Pour ma part, l’existence de modèles positifs accessibles auxquels peuvent s’identifier des personnes en difficultés me semble porteur d’espoir.

C’est le manque de repères dans la société qui provoque le replis sur soi, le communautarisme. La nomination d’un ministre d’origine magrébine ne va pas résoudre le problème identitaire de certains. Mais il faut montrer que le fait d’être magrébin n’est pas un obstacle insurmontable dans la vie, tout comme celui d’être une femme, antillais, grosse, handicapé ou laid. C’est plus difficile que d’être jeune, beau, blanc et riche a priori mais ça reste encore à discuter.

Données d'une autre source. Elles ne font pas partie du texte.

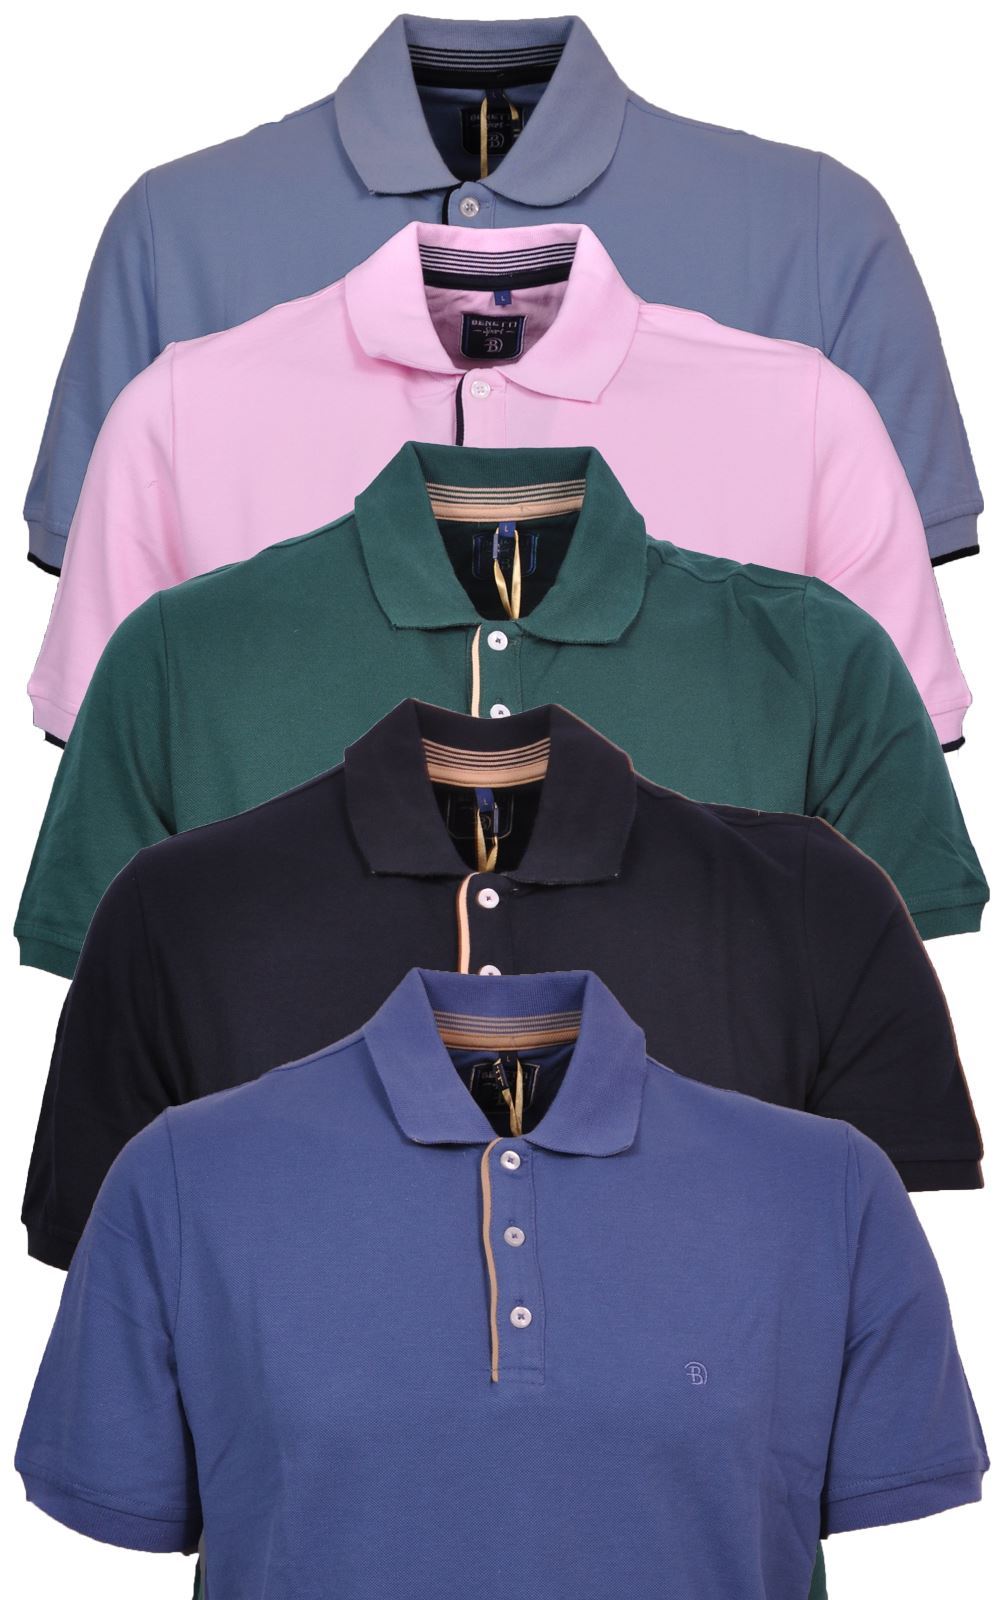 Picture of Benetti Polo Shirt Danny

A chacun de se mobiliser. Monsieur le ministre, Azouz Megag n’est pas simplement le « beur de service ». C’est un ministre avec une mission, des moyens et une exigence de résultats. Le pouvoir cherche évidemment à l’instrumentaliser mais en contre partie, il a un réel pouvoir d’action et de communication. C’est une bonne chose s’il sait se montrer volontaire. Comme les autres ministres de ce gouvernement, j’attends qu’il se montre digne de sa fonction. Je dois avouer que j’ai des doutes, comme pour les autres. J’attends.

Oliviegntchik 05/06/2005 20:49

"monsieur le ministre " lol
quelle déférence mal placée.

C'est en effet un très grand auteur.
j'ai particulièrement apprécié sa saga romanesque "Au bon beur ".

Obligé de préciser son origine ethnique d'entrée sur presque toutes les lignes de ton article "D'origine algérienne".

L'usage du beur de service, sociologue comme il se doit,"modèle posifif pour la communauté ", c'est typiquement ce qui n'a jamais marché dans la politique d'intégration. On en change pas une équipe qui perd.